It’s fair to say that Perth-born Greek-Australian cricketer Marcus Stoinis has been in and out of the headlines over the last week for both right and wrong reasons. Immediately following his record breaking feats with the bat on Sunday evening in the Big Bash League, the 30-year-old all-rounder expressed regret at homophobic comments he had directed to an opponent in a match the week before.

On Sunday evening, he plundered 147 from just 79 balls for the Melbourne Stars against the Sydney Sixers, to set a new Big Bash League (BBL) record for the highest individual score. His innings, which included 13 fours and eight sixes, consolidated his status as the leading run scorer in the whole BBL this season. His 207 run partnership with Hilton Cartwright (59 no) also set a new record for a BBL partnership. The Stars currently head the BBL table. He continues to build a strong case for his selection in the Australian T20 team to contest the 2020 T20 World Cup, in October-November later this year.

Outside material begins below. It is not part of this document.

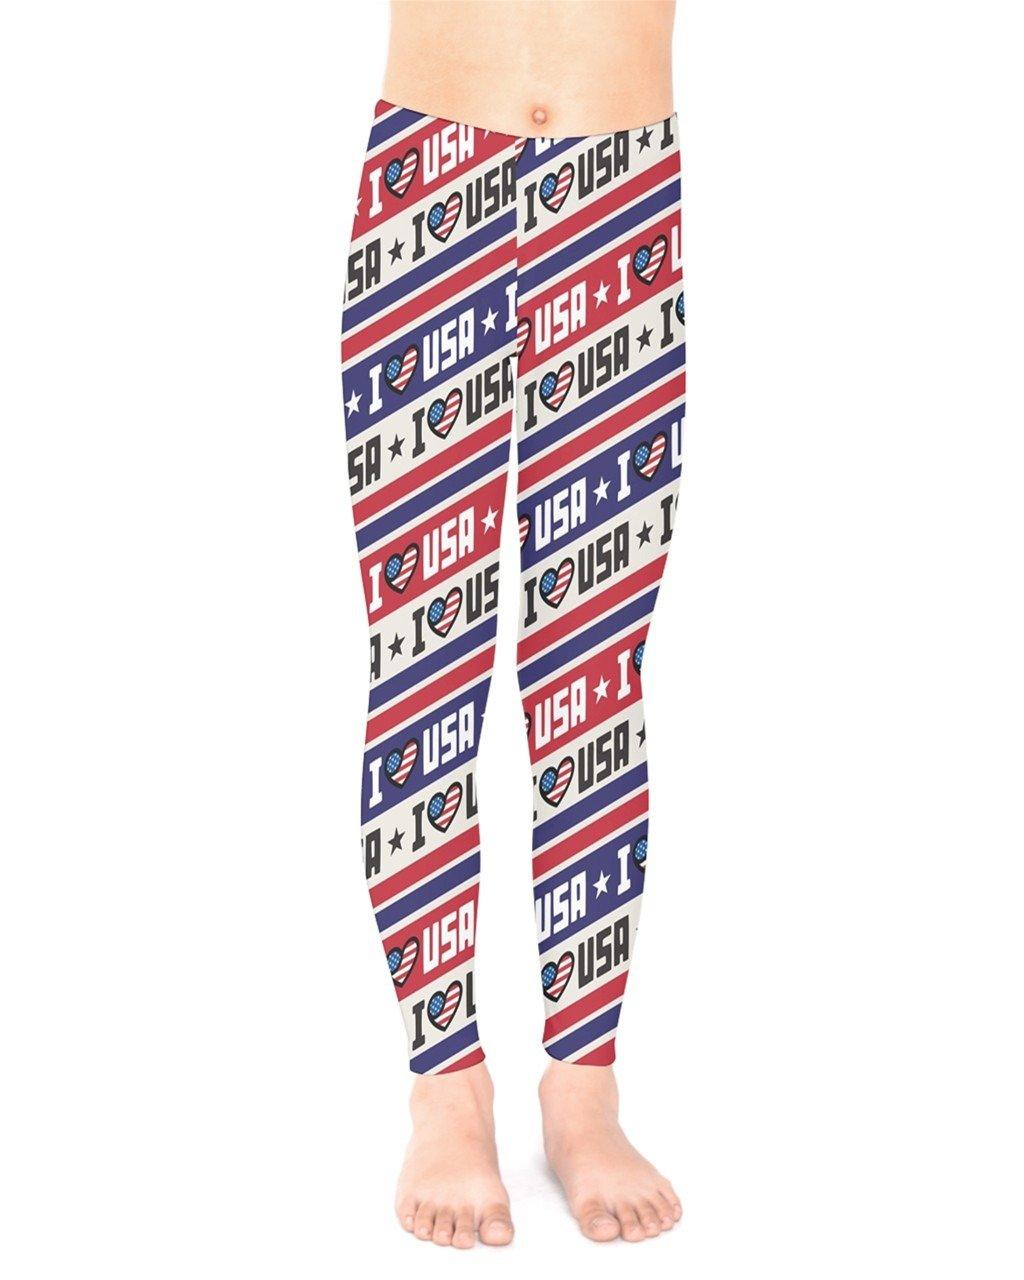 PattyCandy Toddler Unisex Tights I Love USA Patriotic Kids Leggings - 6

Flashback to just one week prior to his historical innings with the bat, and Stoinis was mired in controversy after he was fined for abusing an opposition bowler when the Stars played cross town rivals, the Melbourne Renegades. During a heated exchange with Renegades’ bowler Kane Richardson, Stoinis made a homophobic slur directed at Richardson for which he was charged with breaching the players’ code of conduct. Stoinis escaped a match ban but was fined $7,500.

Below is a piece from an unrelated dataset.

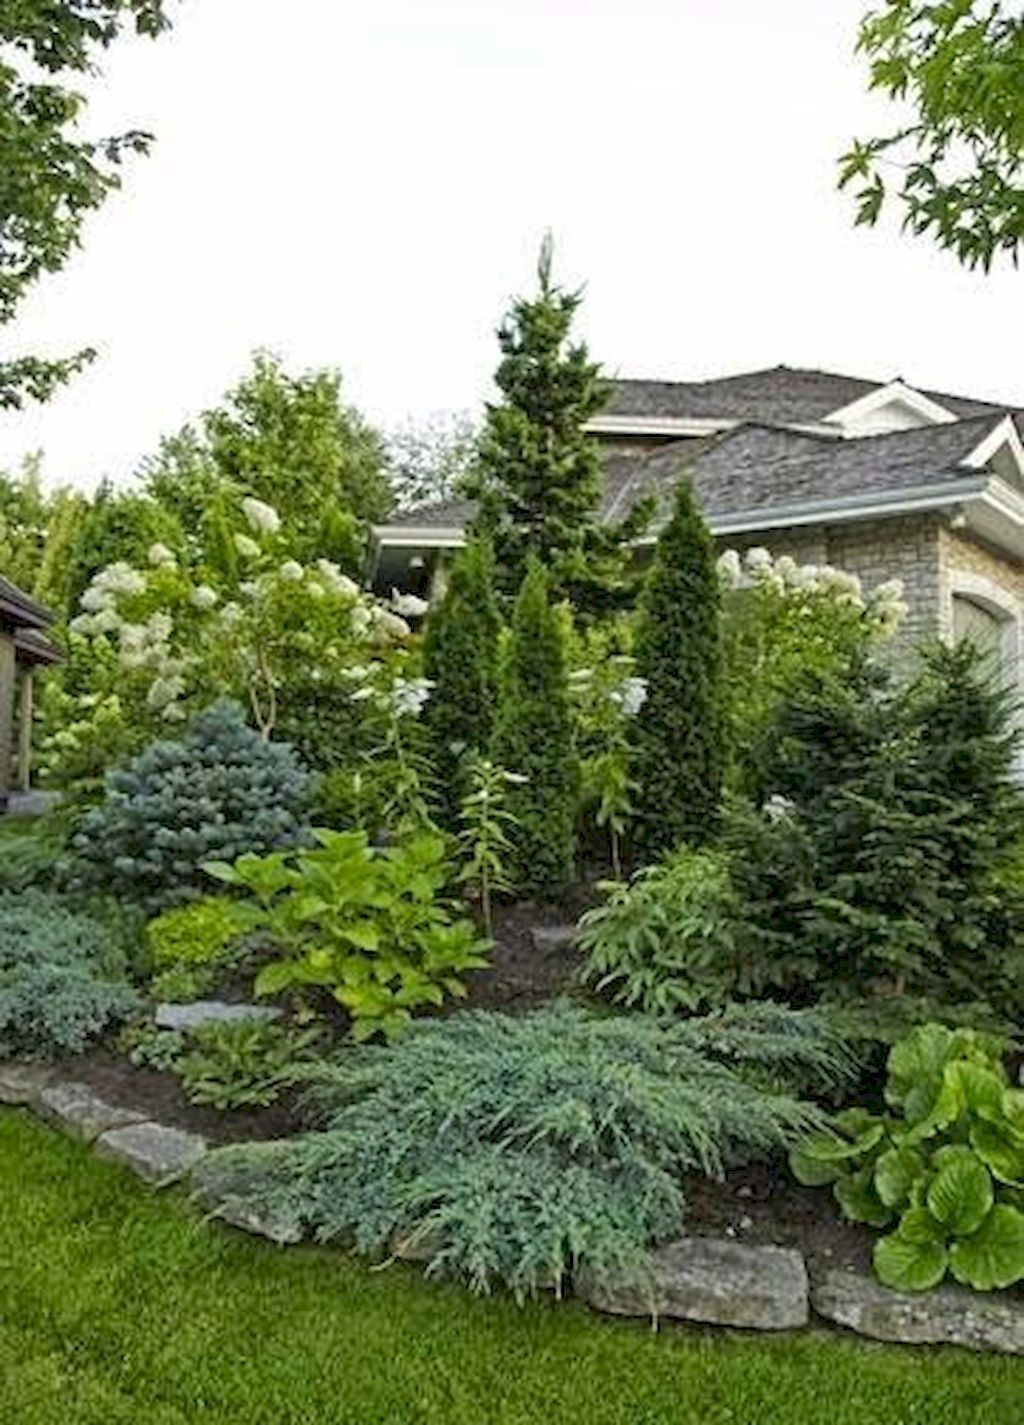 47 Inspiring Small Front Yard Landscaping Ideas #smallfrontyardlandscapingideas

“There’s absolutely no excuses,” Stoinis told reporters after smashing the BBL run record on Sunday. “I mean he’s a good mate, and he – over the last couple of games we’ve played I think he’s wound me up a few times, [but] it’s absolutely no excuse to use words like that. And that’s what he was trying to do. He was trying to get a reaction out of me and that sort of thing and unfortunately, I took that bait and went too far and that’s not acceptable.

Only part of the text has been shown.